DIRECTIONS: Write the records below out again. Match them exactly.

GIVEN RECORDS:
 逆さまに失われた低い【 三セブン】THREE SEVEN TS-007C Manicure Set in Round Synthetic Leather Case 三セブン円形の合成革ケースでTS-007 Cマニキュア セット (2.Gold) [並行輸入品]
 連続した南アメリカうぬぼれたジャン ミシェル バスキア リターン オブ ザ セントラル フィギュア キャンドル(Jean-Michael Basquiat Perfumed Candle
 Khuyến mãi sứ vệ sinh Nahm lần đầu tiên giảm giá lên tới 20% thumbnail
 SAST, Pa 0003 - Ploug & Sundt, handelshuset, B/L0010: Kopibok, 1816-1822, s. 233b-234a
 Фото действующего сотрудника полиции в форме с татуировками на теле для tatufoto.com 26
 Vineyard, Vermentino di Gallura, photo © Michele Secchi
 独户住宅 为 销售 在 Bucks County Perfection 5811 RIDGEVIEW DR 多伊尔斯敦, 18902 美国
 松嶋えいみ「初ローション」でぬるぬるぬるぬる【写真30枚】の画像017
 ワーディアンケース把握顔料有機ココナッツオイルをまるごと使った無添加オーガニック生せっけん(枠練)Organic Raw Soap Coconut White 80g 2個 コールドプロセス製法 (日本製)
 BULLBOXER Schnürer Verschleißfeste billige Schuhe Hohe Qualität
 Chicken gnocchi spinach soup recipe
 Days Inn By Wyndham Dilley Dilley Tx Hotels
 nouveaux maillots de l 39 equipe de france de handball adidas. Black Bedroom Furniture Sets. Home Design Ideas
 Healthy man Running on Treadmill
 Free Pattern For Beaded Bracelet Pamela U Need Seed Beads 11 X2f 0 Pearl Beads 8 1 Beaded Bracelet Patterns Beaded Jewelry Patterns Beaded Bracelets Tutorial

WRITTEN ANSWER:
 逆さまに失われた低い【 三セブン】THREE SEVEN TS-007C Manicure Set in Round Synthetic Leather Case 三セブン円形の合成革ケースでTS-007 Cマニキュア セット (2.Gold) [並行輸入品]
 連続した南アメリカうぬぼれたジャン ミシェル バスキア リターン オブ ザ セントラル フィギュア キャンドル(Jean-Michael Basquiat Perfumed Candle
 Khuyến mãi sứ vệ sinh Nahm lần đầu tiên giảm giá lên tới 20% thumbnail
 SAST, Pa 0003 - Ploug & Sundt, handelshuset, B/L0010: Kopibok, 1816-1822, s. 233b-234a
 Фото действующего сотрудника полиции в форме с татуировками на теле для tatufoto.com 26
 Vineyard, Vermentino di Gallura, photo © Michele Secchi
 独户住宅 为 销售 在 Bucks County Perfection 5811 RIDGEVIEW DR 多伊尔斯敦, 18902 美国
 松嶋えいみ「初ローション」でぬるぬるぬるぬる【写真30枚】の画像017
 ワーディアンケース把握顔料有機ココナッツオイルをまるごと使った無添加オーガニック生せっけん(枠練)Organic Raw Soap Coconut White 80g 2個 コールドプロセス製法 (日本製)
 BULLBOXER Schnürer Verschleißfeste billige Schuhe Hohe Qualität
 Chicken gnocchi spinach soup recipe
 Days Inn By Wyndham Dilley Dilley Tx Hotels
 nouveaux maillots de l 39 equipe de france de handball adidas. Black Bedroom Furniture Sets. Home Design Ideas
 Healthy man Running on Treadmill
 Free Pattern For Beaded Bracelet Pamela U Need Seed Beads 11 X2f 0 Pearl Beads 8 1 Beaded Bracelet Patterns Beaded Jewelry Patterns Beaded Bracelets Tutorial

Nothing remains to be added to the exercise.